Although those of us who spend all day in front of a computer are said to have sedentary jobs, Cornell says the continual mental processing hyper-stimulates the nervous system. That, over time, can lead to depression.
"Any time in nature where there's a big upswing, there has to be a counter-balancing motion, a downswing," he says. "Imagine putting too much electricity through the wiring in your home. Eventually, it's going to burn out the system."
Herbs and holistic practices (the holistic centre next door to the apothecary offers meditation, qi gong and yoga) can help people withstand the levels of stress modern life exposes them to, Cornell says.
While he has no doubt that integrative medicine -- a combination of mainstream medical and alternative therapies -- is the future, he admits there's still a bias against the latter.
The main problem facing his industry is that it's competition for the pharmaceutical industry, which has the economic might to fund medical research, says Cornell, who has lectured in the Integrative Medicine Program at the University of Manitoba's Health Sciences Centre campus for the past four years.
"The main argument against natural remedies is there needs to be more research. The challenge is, you can't patent a plant. If you spend $12 million researching it, at the end of the day, you don't own it, whereas the chemical you extract from a plant and make a chemical version of, you can patent and own that."
Natural, of course, does not necessarily mean harmless. Cornell urges people who are interested in using herbal medicine to consult a professional and do their research.
"As defined by the National Center for Complementary and Alternative Medicine at the National Institutes of Health, integrative medicine 'combines mainstream medical therapies and CAM (complementary and alternative medicine) therapies for which there is some high-quality scientific evidence of safety and effectiveness.'"
-- Dr. Andrew Weil, MD
Conventional medicine evolved from the principles of the Aesculapian School of Health, which treats symptoms and disease and relies on health information that can be measured. It works on the assumption that the removal or absence of these symptoms or disease indicates health.

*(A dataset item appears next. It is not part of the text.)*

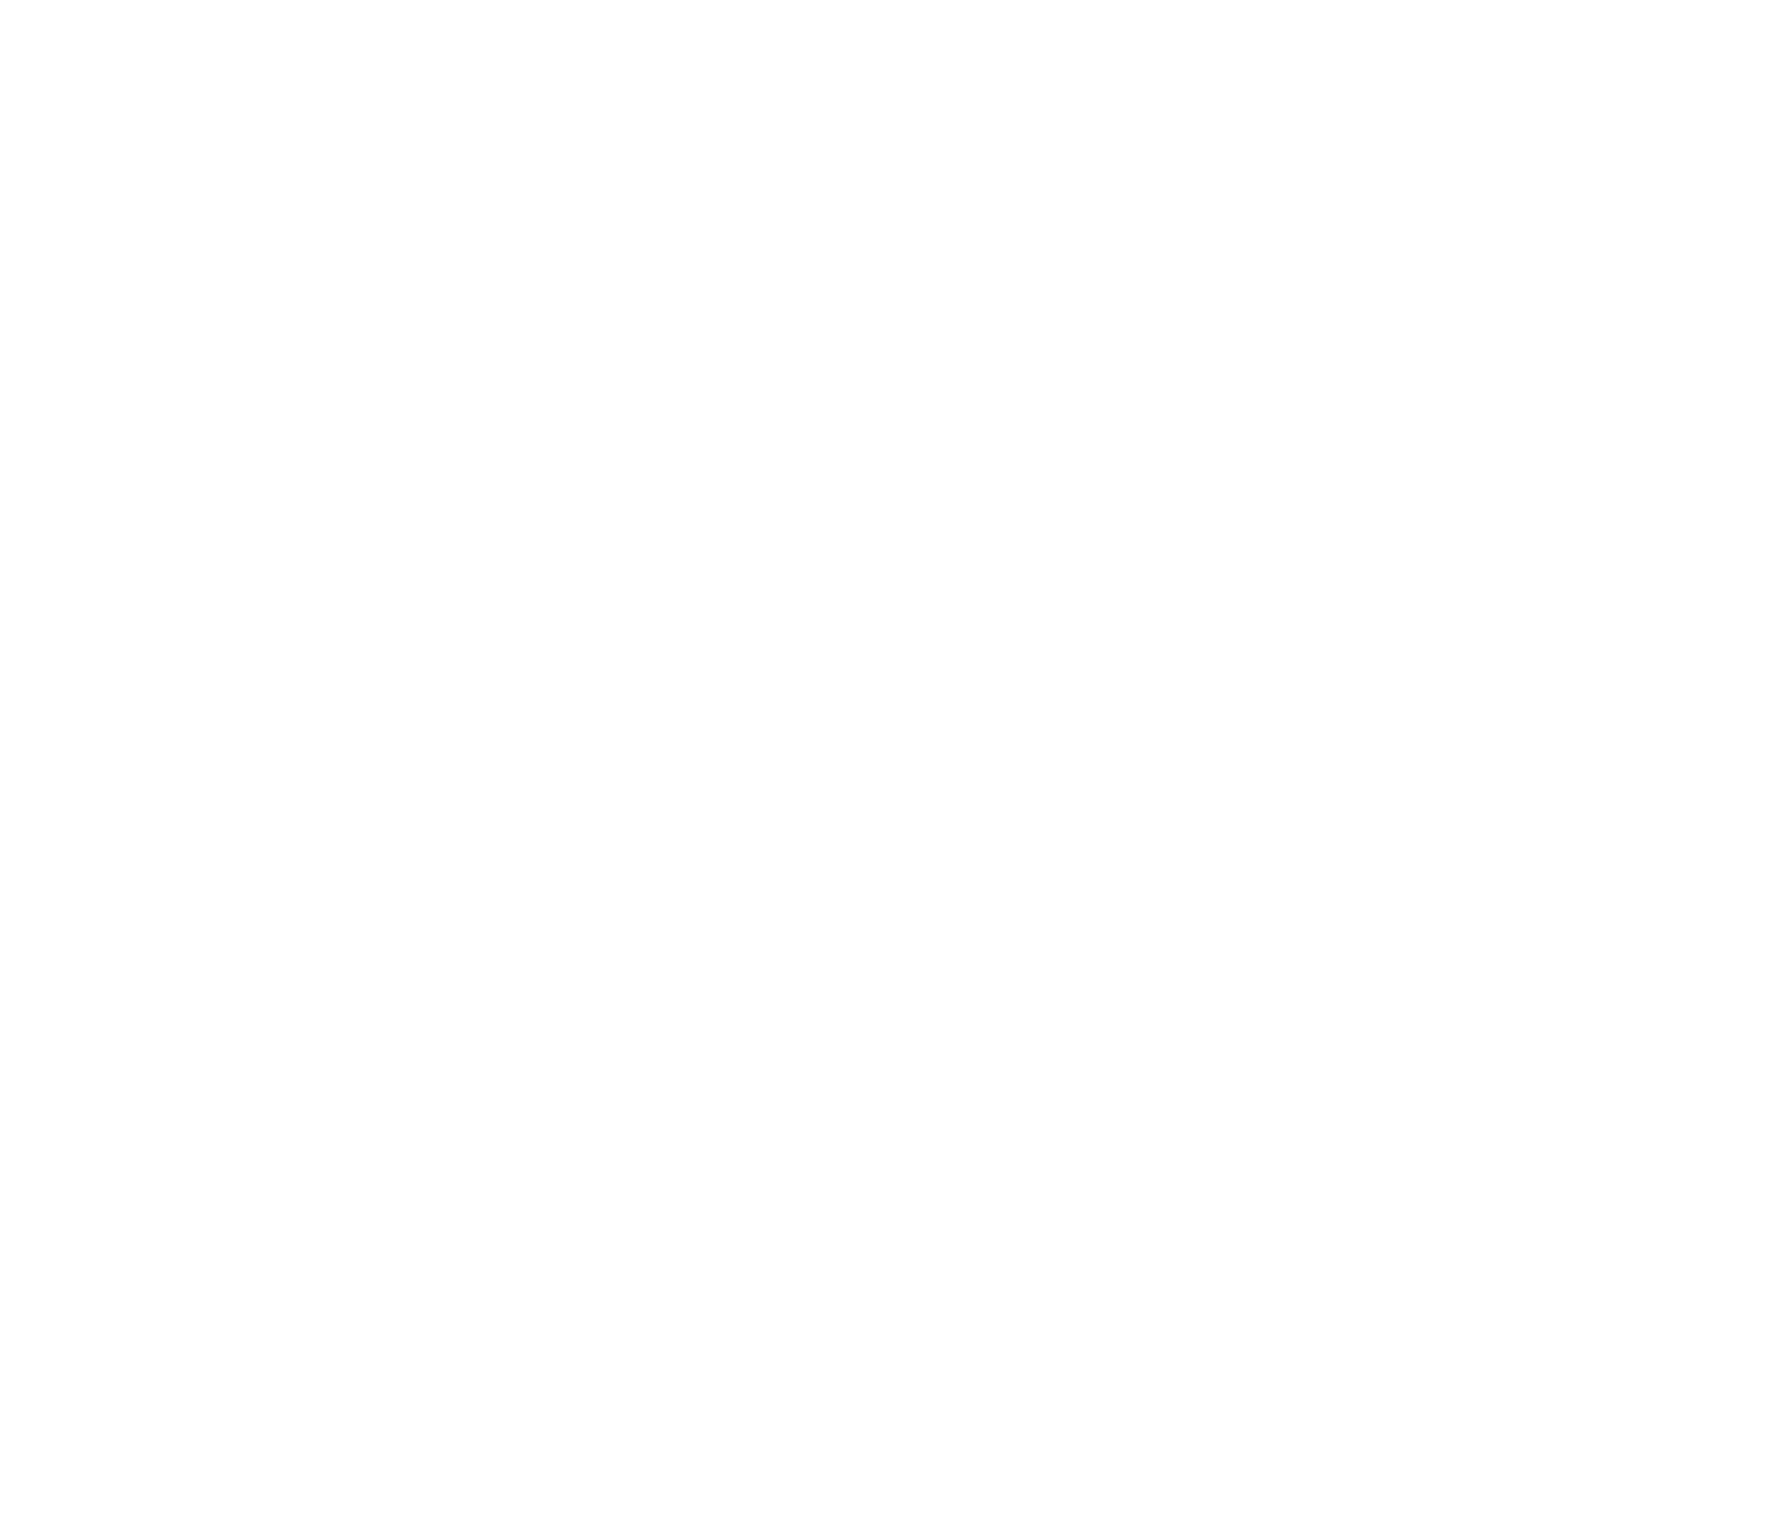 City Year, Inc.

CAM therapies work on the Hygean model of health, which assumes that the body can be in ideal health when it functions in a state of harmony and balance, using its own powerful natural resources to heal itself... As the body gradually succumbs to various stressors, such as toxins, energy blockages, etc., this interactive state loses its ability to remain in harmony, which gradually results in illness. CAM therapies focus on addressing the stressors or root causes.
-- Canadian Institute of Natural and Integrative Medicine
Between 1998 and 2005, the number of prescriptions filled by Canadian pharmacies rose at an annual growth rate of 6.5 per cent. In 2005, pharmacists wrote more than 395 million prescriptions, on average about 12 for each Canadian.